[Dataset content Boundary: Start]
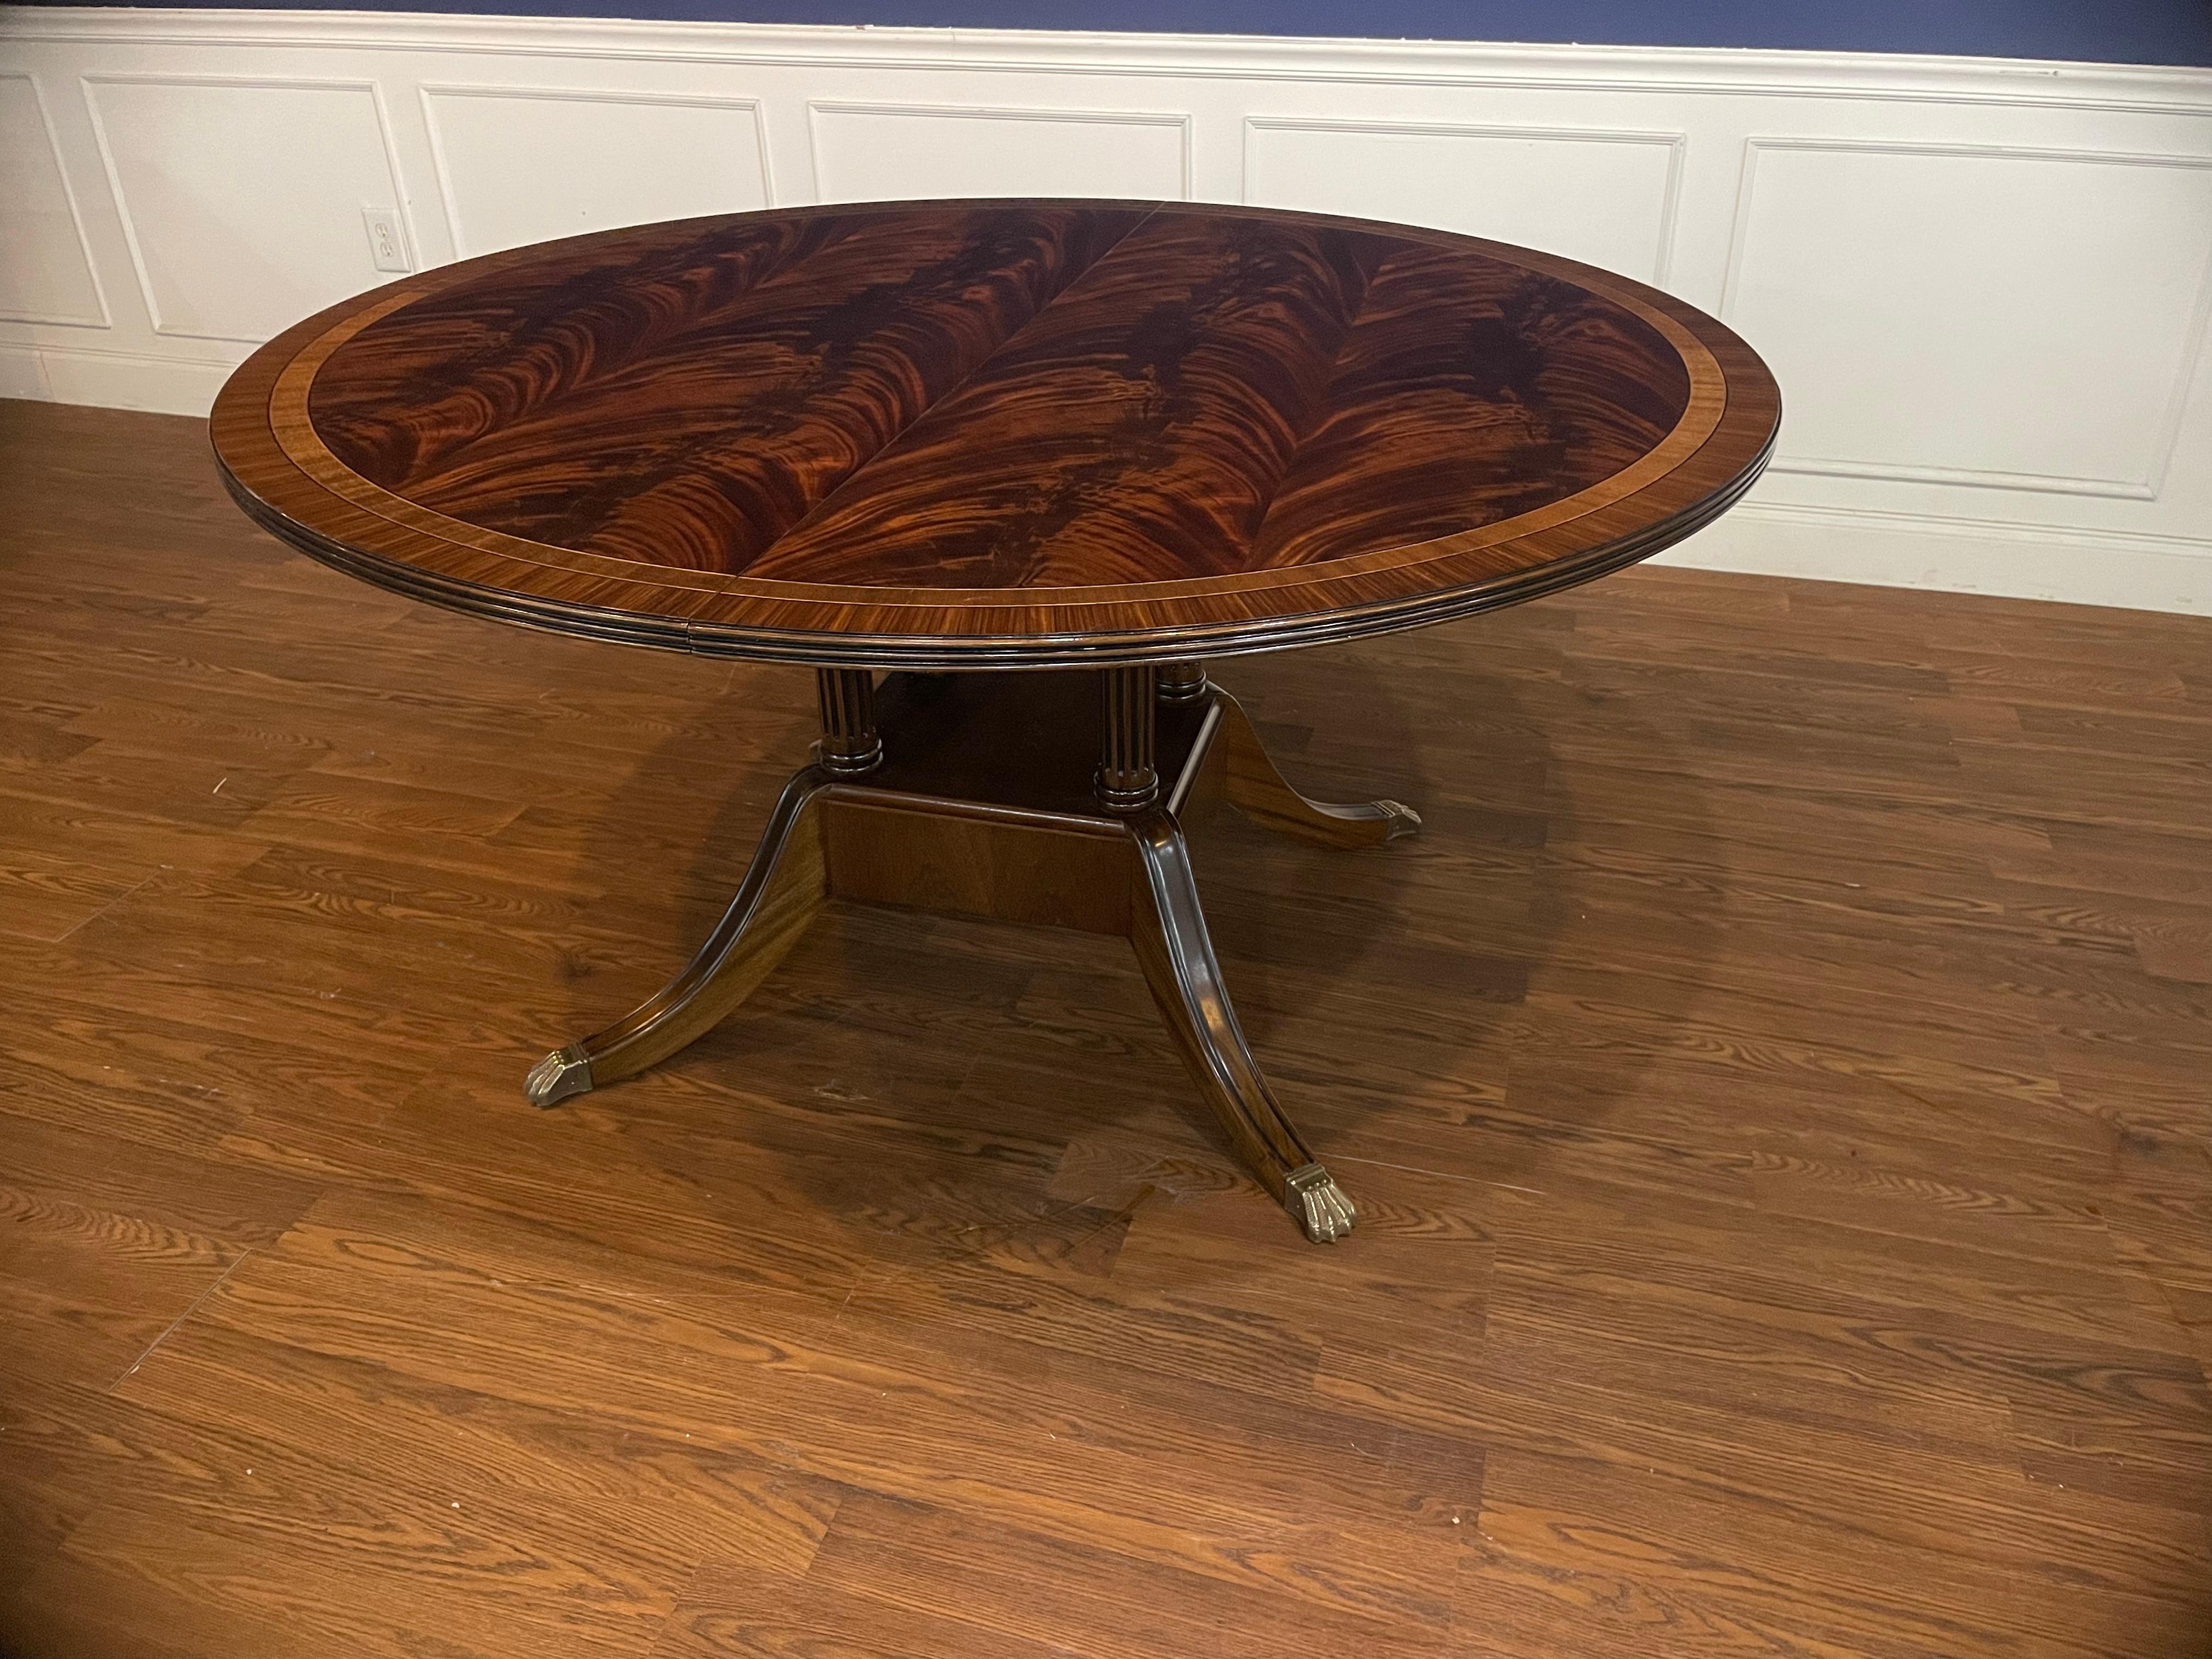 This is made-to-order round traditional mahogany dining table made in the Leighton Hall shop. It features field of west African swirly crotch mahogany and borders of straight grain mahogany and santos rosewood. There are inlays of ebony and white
[Dataset content Boundary: End]
[Dataset content Boundary: Start]
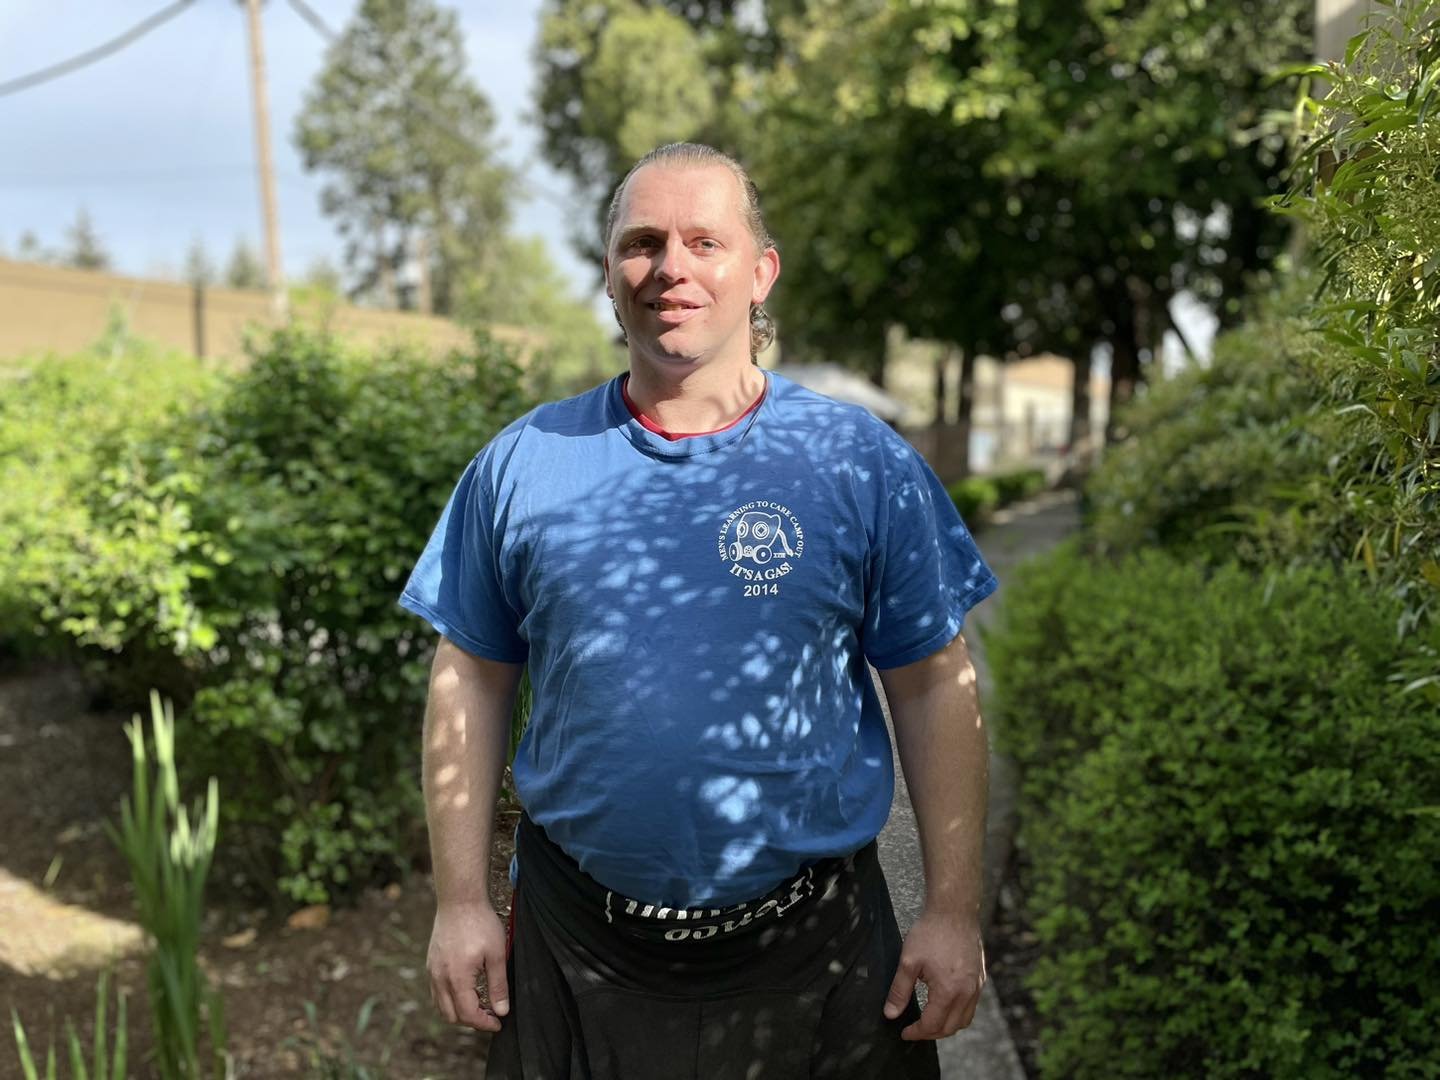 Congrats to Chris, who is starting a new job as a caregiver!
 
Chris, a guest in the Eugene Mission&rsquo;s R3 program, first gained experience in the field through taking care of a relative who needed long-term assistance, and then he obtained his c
[Dataset content Boundary: End]
What you have to do ->
From the material above, give again exactly the lines from the one that contains "Congrats to Chris, who" through the one that contains "Chris, a guest", and leave out the pictures.

Written solution ->
 Congrats to Chris, who is starting a new job as a caregiver!
 
Chris, a guest in the Eugene Mission&rsquo;s R3 program, first gained experience in the field through taking care of a relative who needed long-term assistance, and then he obtained his c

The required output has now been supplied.